How big is your property?

Have you ever dealt with privet?

Been fighting an awful privet problem ever since buying our six acre place two years ago. Counted over 20 rings on some stumps. I found a weedeater with a 80t carbide blade is awesome, but it took at least 100 hours of hard labor and a lot of glyphosate. And there's still a ton of the stuff, but at least the fruiting plants are mostly down.


----------



## laketrout (Mar 5, 2013)

I have 15 acres mostly Autumn olive , honeysuckle , multi flora rose and goldenrod as far as the invasive plants go but no privet as far as I know, not sure if it grows as far north as Pa. We do have alot of Japanese knot weed in the surrounding areas .


----------



## Buzz-kill (Aug 23, 2017)

laketrout said:


> I have 15 acres mostly Autumn olive , honeysuckle , multi flora rose and goldenrod as far as the invasive plants go but no privet as far as I know, not sure if it grows as far north as Pa. We do have alot of Japanese knot weed in the surrounding areas .

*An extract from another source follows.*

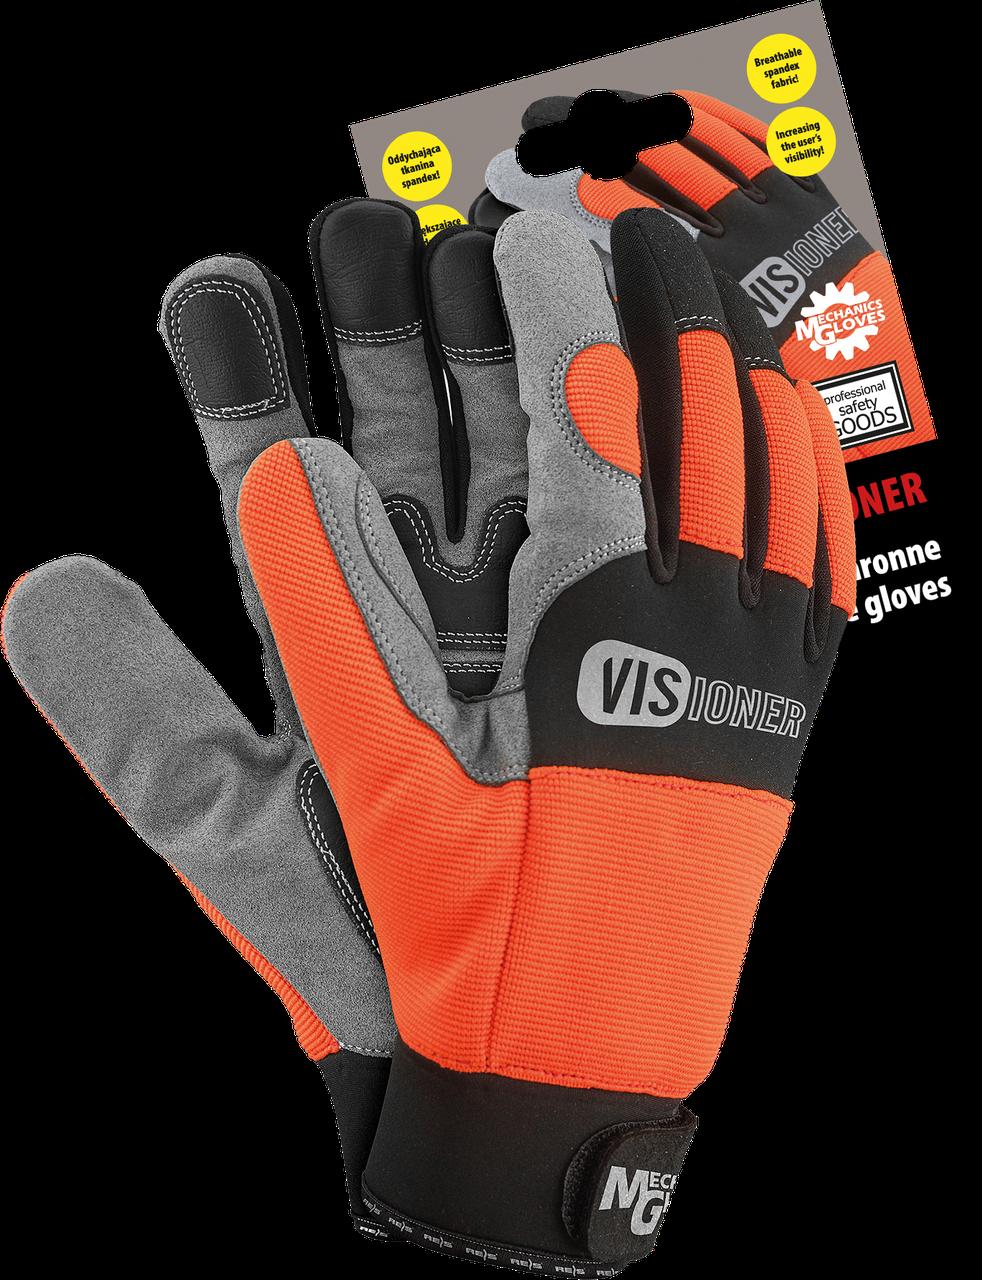 Велоперчатки RMC-VISIONER PBS Reis Польша(спортивные перчатки)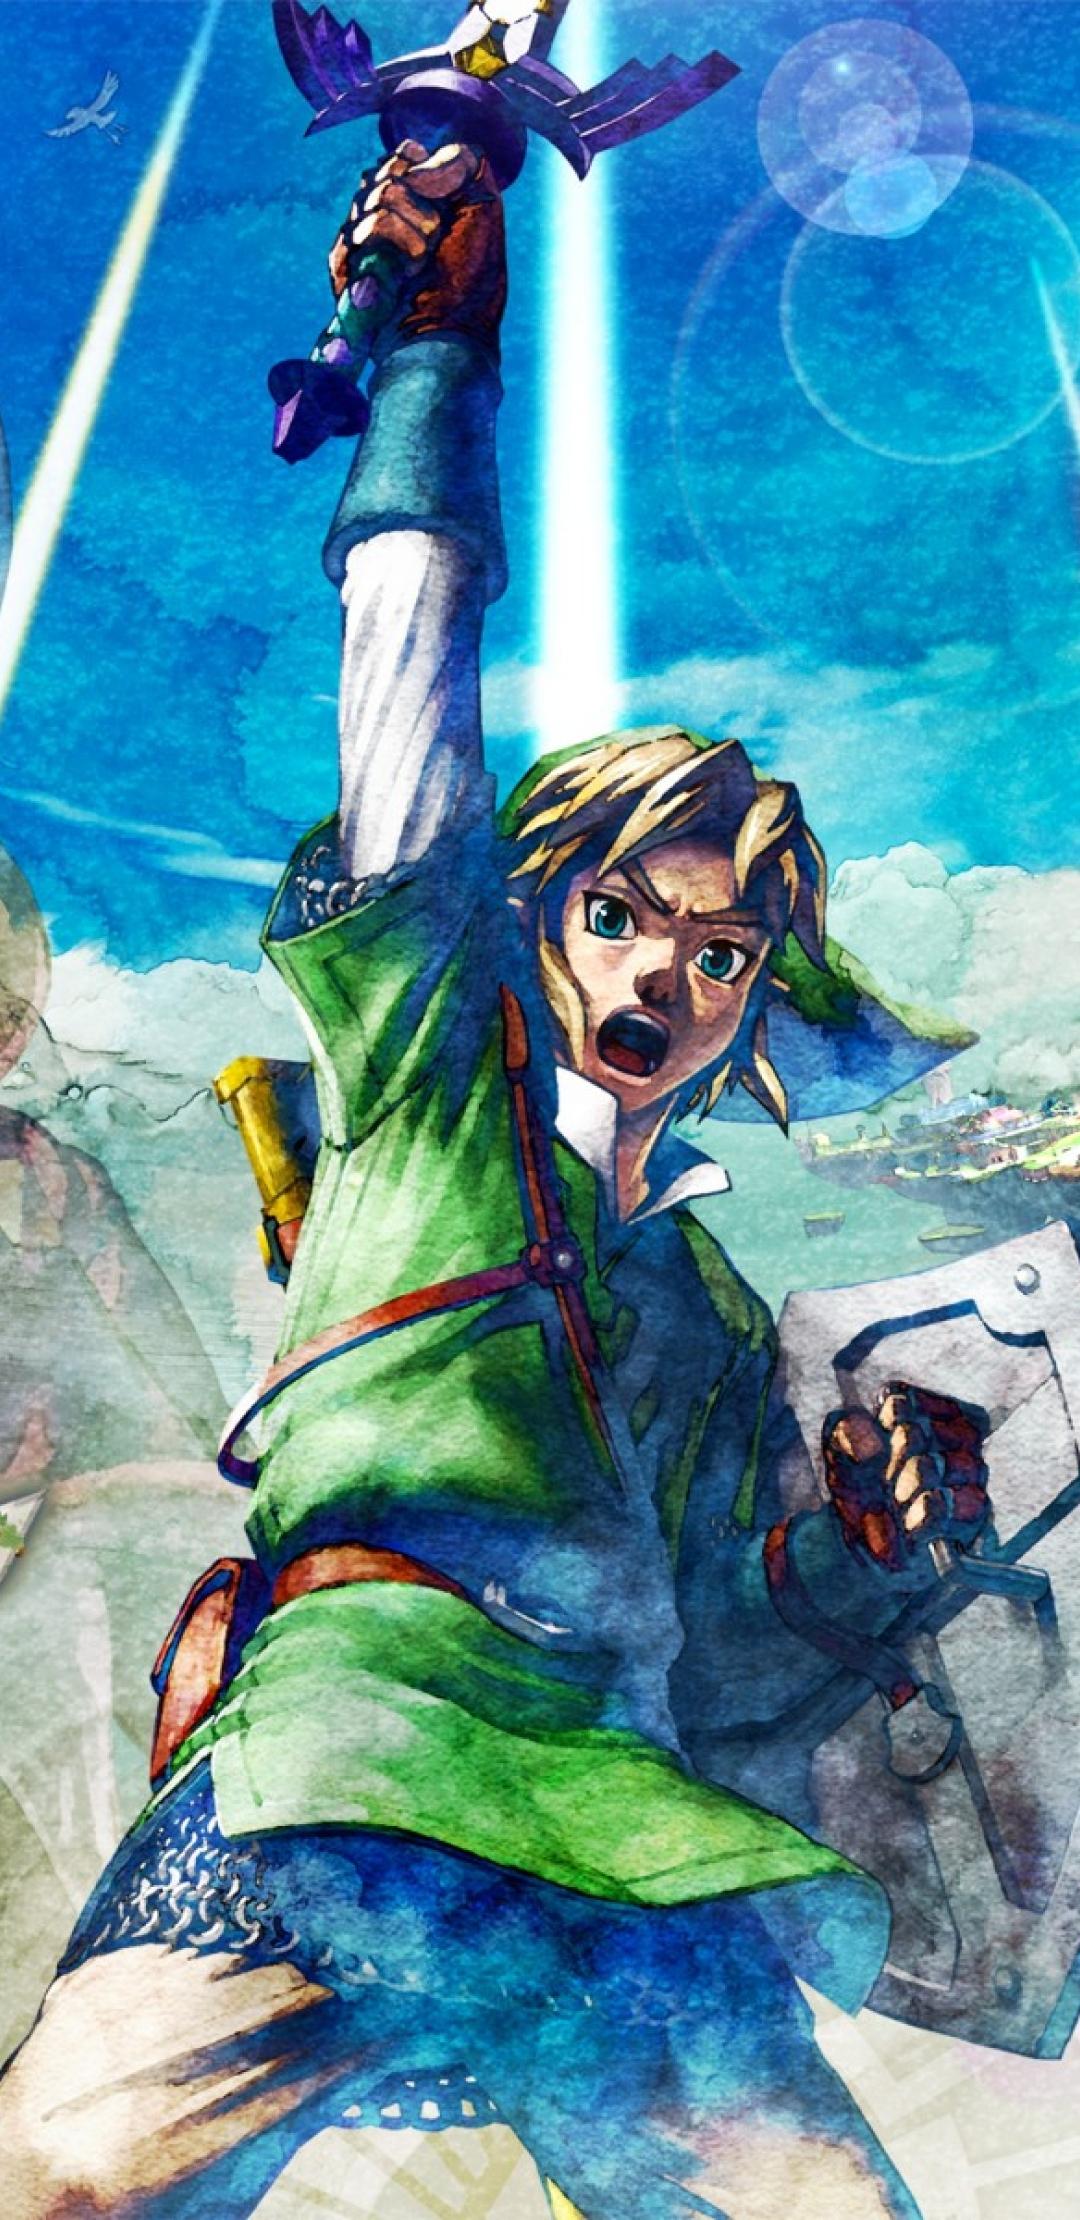 1080x2220 The Legend Of Zelda Skyward Sword Nintendo Ead Legend

Sounds like a great place for bees.


----------



## laketrout (Mar 5, 2013)

As long as we get enough rain it can be a real good flow in the spring and fall


----------



## username00101 (Apr 17, 2019)

Buzz-kill said:


> Sounds like a great place for bees.


That's what I was thinking as well.


----------



## laketrout (Mar 5, 2013)

I had autumn olive honey last year from a beekeeper 20 miles away and it was awful ,they said there bee's worked it exclusively and it is bad tasting honey luckily my flow has enough other variety's in it and makes a real good honey , some beeks say they like autumn honey so there must be different varieties of it


----------